Exercise: Please return the listing exactly as it stands, skipping any pictures.

==== Dataset section ====

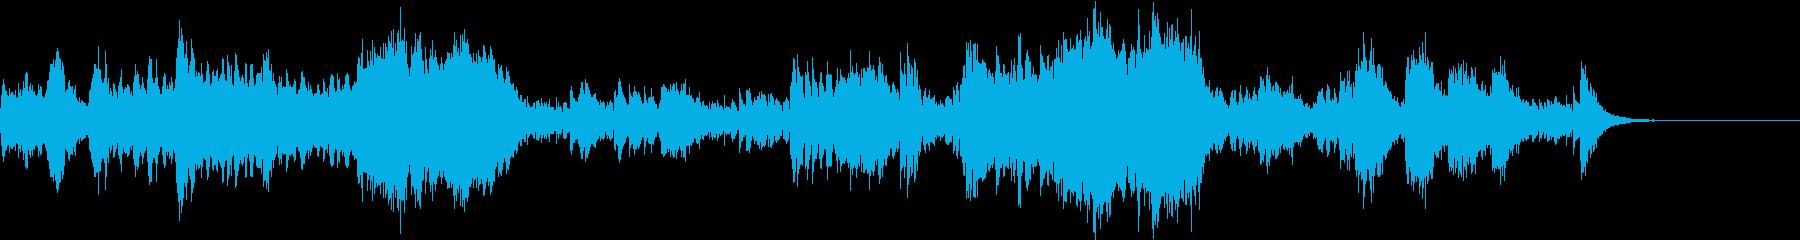 緊迫感  疾走感!ユニークオーケストラの再生済みの波形
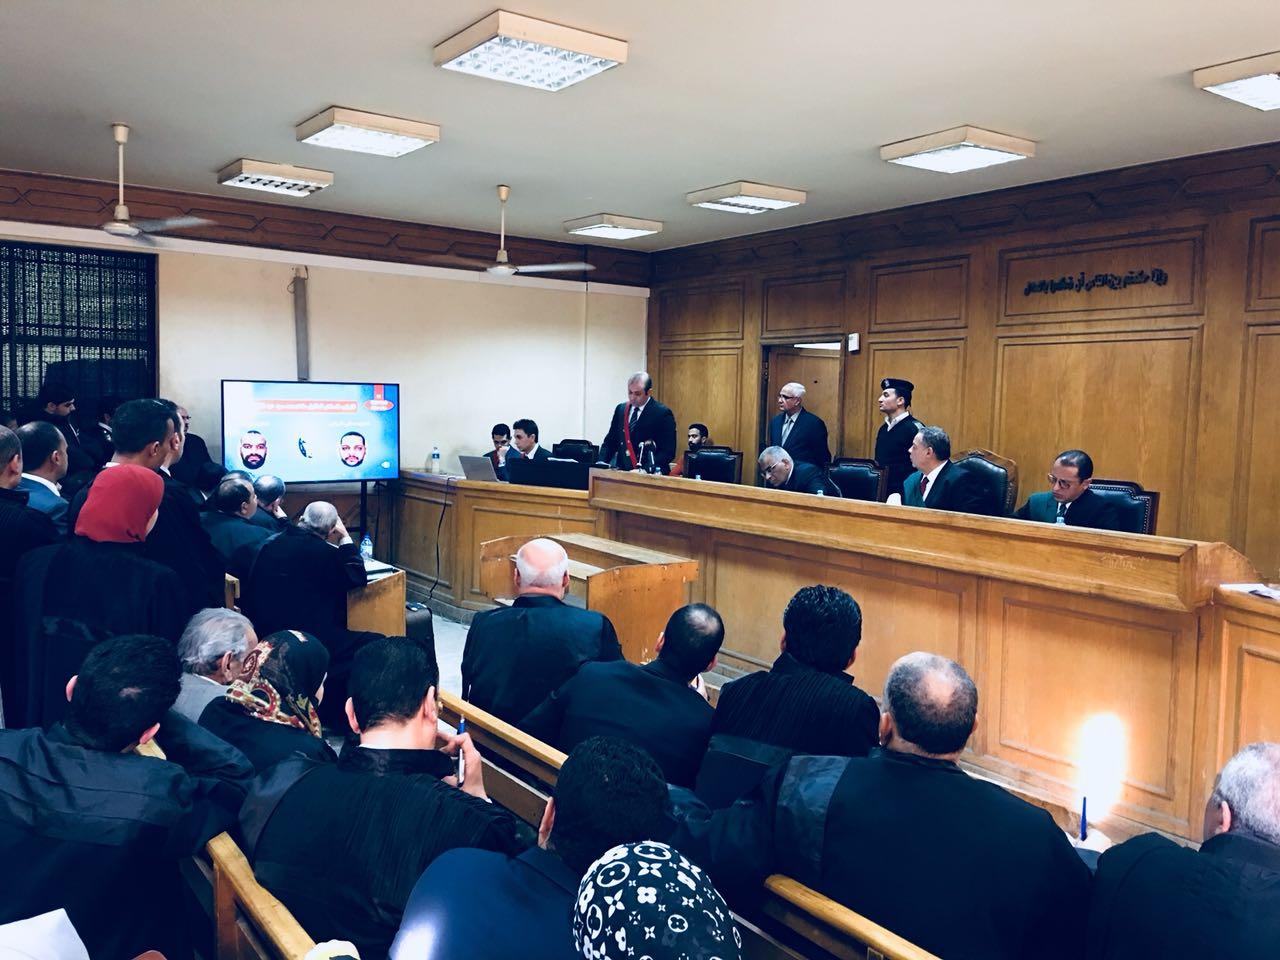 هيئة المحكمة اثناء عرض الفيديوهات
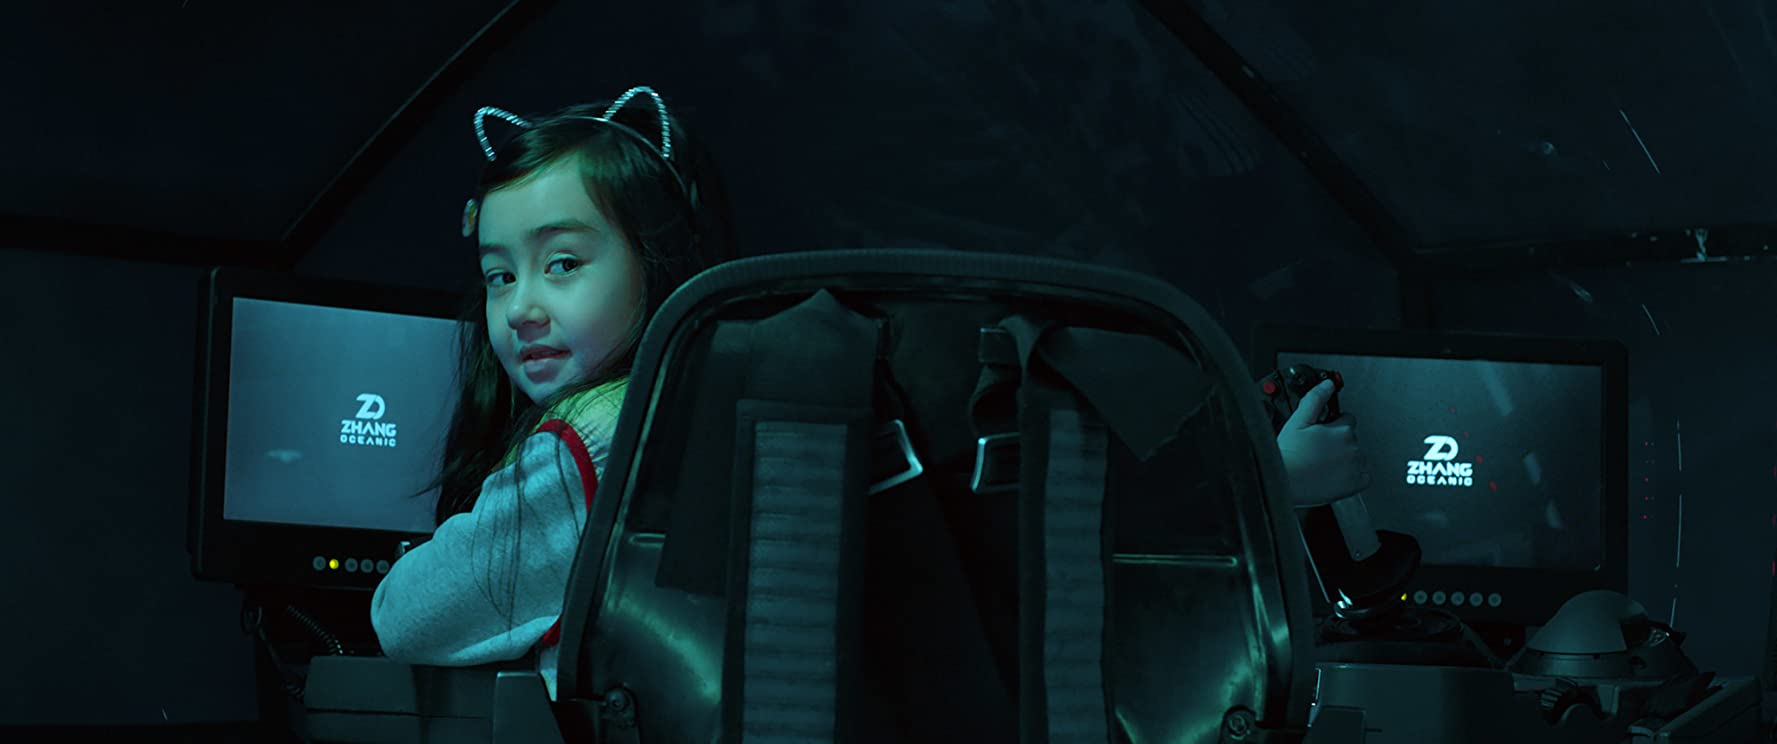 Shuya Sophia Cai in The Meg (2018)

====

Result of this task:
 緊迫感  疾走感!ユニークオーケストラの再生済みの波形
 هيئة المحكمة اثناء عرض الفيديوهات
 Shuya Sophia Cai in The Meg (2018)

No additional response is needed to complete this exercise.